» Provided records
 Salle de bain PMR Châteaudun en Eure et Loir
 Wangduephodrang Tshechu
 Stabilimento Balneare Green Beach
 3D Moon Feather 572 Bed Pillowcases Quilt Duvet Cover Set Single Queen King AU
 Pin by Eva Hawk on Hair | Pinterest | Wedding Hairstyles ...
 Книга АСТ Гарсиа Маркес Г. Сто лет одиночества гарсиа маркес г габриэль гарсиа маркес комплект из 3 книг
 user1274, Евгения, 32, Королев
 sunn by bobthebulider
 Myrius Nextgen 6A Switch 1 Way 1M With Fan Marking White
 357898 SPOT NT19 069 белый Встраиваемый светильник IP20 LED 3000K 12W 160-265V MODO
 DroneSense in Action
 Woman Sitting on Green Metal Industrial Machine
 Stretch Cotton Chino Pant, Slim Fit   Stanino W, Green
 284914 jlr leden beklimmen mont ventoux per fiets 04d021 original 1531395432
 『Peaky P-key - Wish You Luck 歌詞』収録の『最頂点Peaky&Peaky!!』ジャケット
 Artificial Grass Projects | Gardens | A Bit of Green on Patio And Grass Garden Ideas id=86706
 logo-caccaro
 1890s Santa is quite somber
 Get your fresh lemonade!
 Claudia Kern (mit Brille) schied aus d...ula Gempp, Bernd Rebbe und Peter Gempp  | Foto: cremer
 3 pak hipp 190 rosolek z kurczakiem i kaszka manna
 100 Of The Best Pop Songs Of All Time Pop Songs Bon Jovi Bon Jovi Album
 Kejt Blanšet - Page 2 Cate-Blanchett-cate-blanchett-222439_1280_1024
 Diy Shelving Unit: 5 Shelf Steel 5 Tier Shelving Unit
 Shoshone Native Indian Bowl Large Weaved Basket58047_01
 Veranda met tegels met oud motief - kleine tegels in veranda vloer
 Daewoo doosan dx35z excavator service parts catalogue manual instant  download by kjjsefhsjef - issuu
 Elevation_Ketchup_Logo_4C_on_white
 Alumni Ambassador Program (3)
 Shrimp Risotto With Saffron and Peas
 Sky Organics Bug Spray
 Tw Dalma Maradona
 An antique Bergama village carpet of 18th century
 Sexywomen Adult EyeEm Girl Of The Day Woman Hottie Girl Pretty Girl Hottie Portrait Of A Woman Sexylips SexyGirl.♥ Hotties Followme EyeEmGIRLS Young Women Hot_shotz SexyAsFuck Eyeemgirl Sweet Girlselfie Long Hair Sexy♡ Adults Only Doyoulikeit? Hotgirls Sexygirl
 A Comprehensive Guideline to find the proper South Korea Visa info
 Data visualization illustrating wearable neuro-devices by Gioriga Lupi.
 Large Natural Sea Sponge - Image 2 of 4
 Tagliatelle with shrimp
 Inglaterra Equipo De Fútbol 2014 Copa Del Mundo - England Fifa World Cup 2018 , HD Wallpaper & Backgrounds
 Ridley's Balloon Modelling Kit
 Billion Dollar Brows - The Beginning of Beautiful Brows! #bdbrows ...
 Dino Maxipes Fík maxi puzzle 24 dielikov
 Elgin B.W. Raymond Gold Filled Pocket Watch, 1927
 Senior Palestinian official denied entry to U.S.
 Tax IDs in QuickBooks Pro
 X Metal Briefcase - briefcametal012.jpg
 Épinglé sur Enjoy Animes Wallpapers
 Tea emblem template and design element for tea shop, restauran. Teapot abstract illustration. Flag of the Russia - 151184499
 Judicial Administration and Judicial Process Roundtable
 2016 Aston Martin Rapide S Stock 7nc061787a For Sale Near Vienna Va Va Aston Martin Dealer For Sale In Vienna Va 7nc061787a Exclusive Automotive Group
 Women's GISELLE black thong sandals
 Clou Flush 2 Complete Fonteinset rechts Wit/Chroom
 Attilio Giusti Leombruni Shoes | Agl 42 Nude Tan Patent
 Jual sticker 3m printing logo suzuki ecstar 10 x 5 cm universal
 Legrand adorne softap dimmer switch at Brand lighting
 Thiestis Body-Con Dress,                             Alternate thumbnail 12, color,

» Task prompt
The exact lines of the material above starting at the one that contains "3D Moon Feather" and ending at the one that contains "Myrius Nextgen 6A" are what to retype; leave out everything else.

» Response to this exercise
 3D Moon Feather 572 Bed Pillowcases Quilt Duvet Cover Set Single Queen King AU
 Pin by Eva Hawk on Hair | Pinterest | Wedding Hairstyles ...
 Книга АСТ Гарсиа Маркес Г. Сто лет одиночества гарсиа маркес г габриэль гарсиа маркес комплект из 3 книг
 user1274, Евгения, 32, Королев
 sunn by bobthebulider
 Myrius Nextgen 6A Switch 1 Way 1M With Fan Marking White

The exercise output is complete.